You could construct a sequence of do loops or for-next loops that includes or excludes all possible combinations of variables. This is doing the same thing as step-wise, but you are covering every combination. Why this is of added value is that if there is a theoretical reason for some variable to be in the model, then you can force it to be in your model. Instead of using a loop to include it or exclude it, it must be there.
You should then calculate either the AIC or the BIC. The model with the smallest value of the information criterion you chose would win. They differ in how they penalize model complexity. With small sample sizes, the AIC will tend to overfit.
What does matter with the AIC or the BIC is the relative ranking of the set of models. If you had different data sets and different problems, an AIC of -23 for one problem couldn't be compared to an AIC of -22 for another. However, with the same data set facing the same problem, a -23 is a better model than a -22.
The difference in calculation between the two methods is how they penalize added model structure. The AIC adds a penalty of $2k$ to its value, where $k$ is the number of independent variables. A model with two independent variables has a penalty of 4, while one with three has a penalty of six. The BIC adds a penalty of $log(n)k$, where $n$ is the number of observations in the sample. As a rule of thumb, their results will be highly concordant.
A way to think about the trade-off between the AIC and the BIC is in what they are trying to accomplish. The BIC grants equal prior weight to each model, while the AIC grants lower prior weight to models with more parameters. The AIC does this by directly penalizing structure by having a fixed penalty for $k$. The BIC is making a tradeoff between sample size and structure.

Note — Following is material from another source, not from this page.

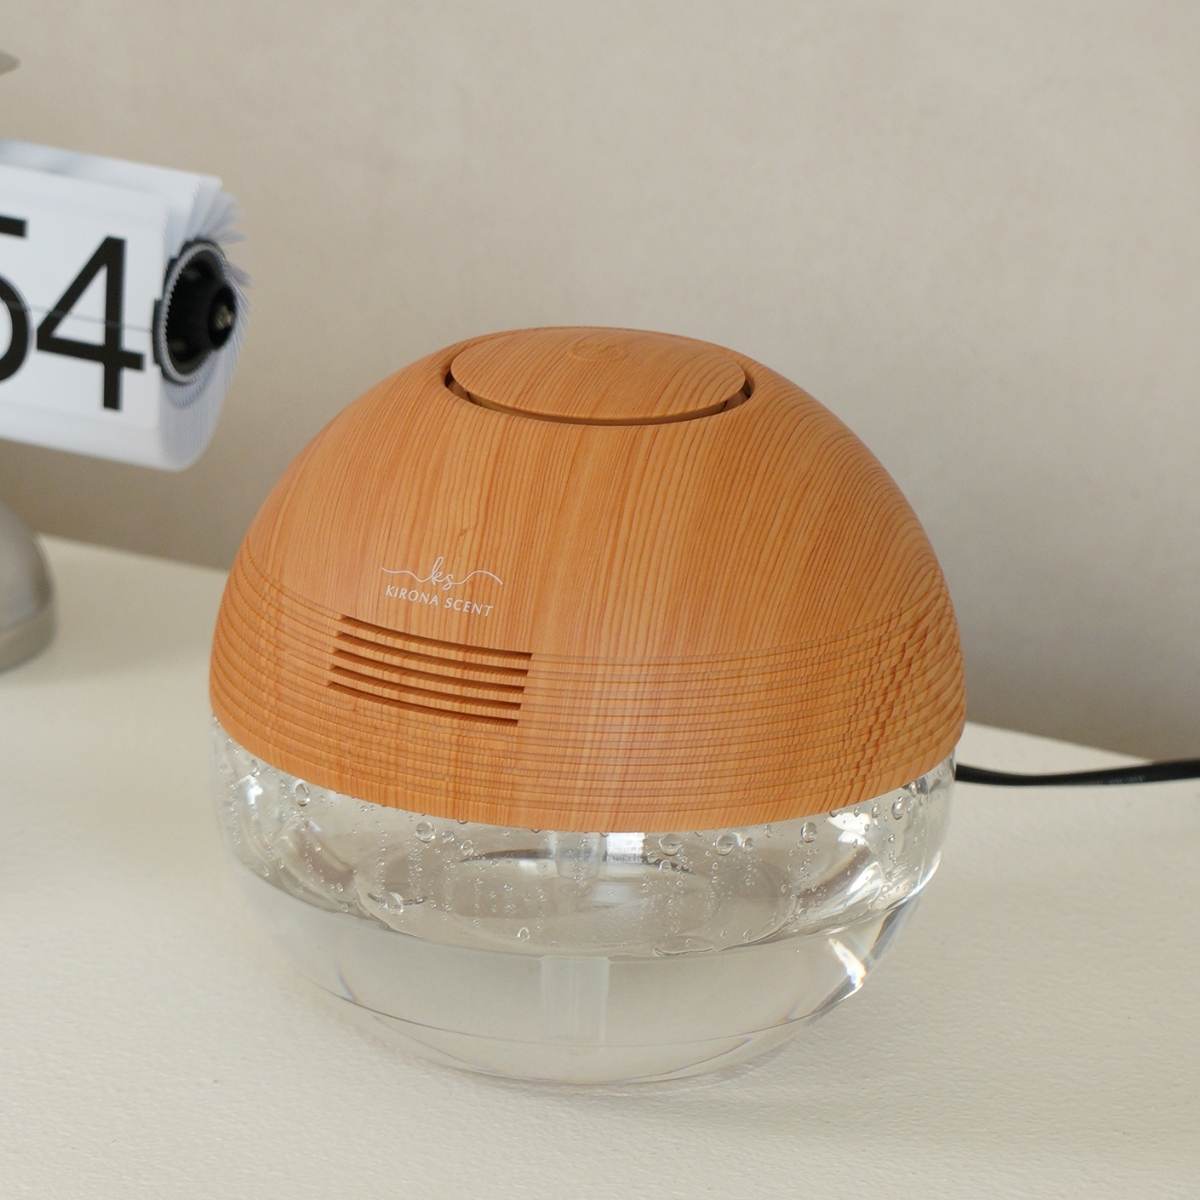 Tranquility Orb Air Purifier (Light Wood)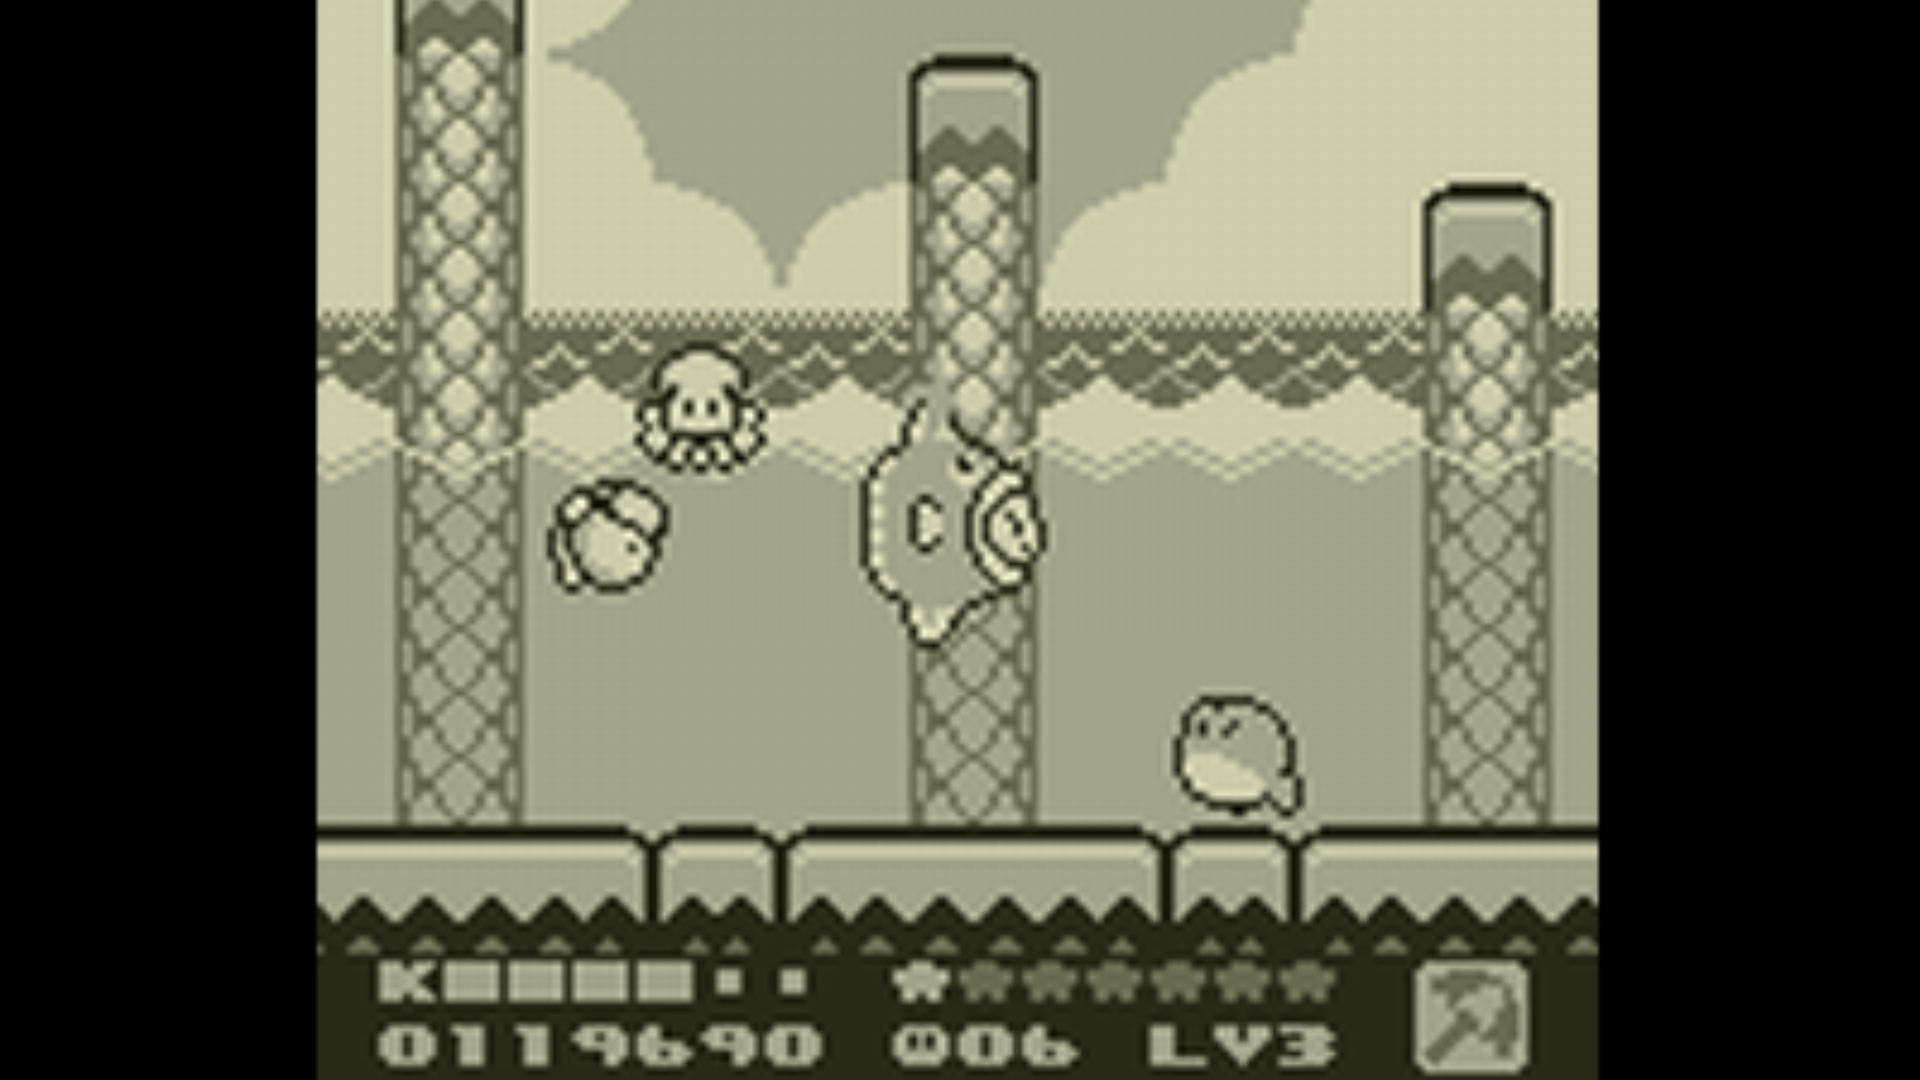 Best Kirby games: Kirby's Dream Land 2. Image shows Kirby swimming underwater inside his fish friend, Kine.

If you have a small sample, it may improve the predictive power of the model to add a variable as you are increasing the amount of natural variation for the model to work with. On the other hand, once the sample size starts to become large, two variables that covary may be providing mostly the same information. It can cause the model to be a worse model because the effect of the added information from an added variable is being offset by the effect of colinearity to the point that it turns into noise.
In any case, the reason to use stepwise is that it is almost certainly a built-in function of your software. The reason to be combinatoric is that it is better. In any case, do not use p-values as a criterion even though they will be correlated with the AIC and BIC.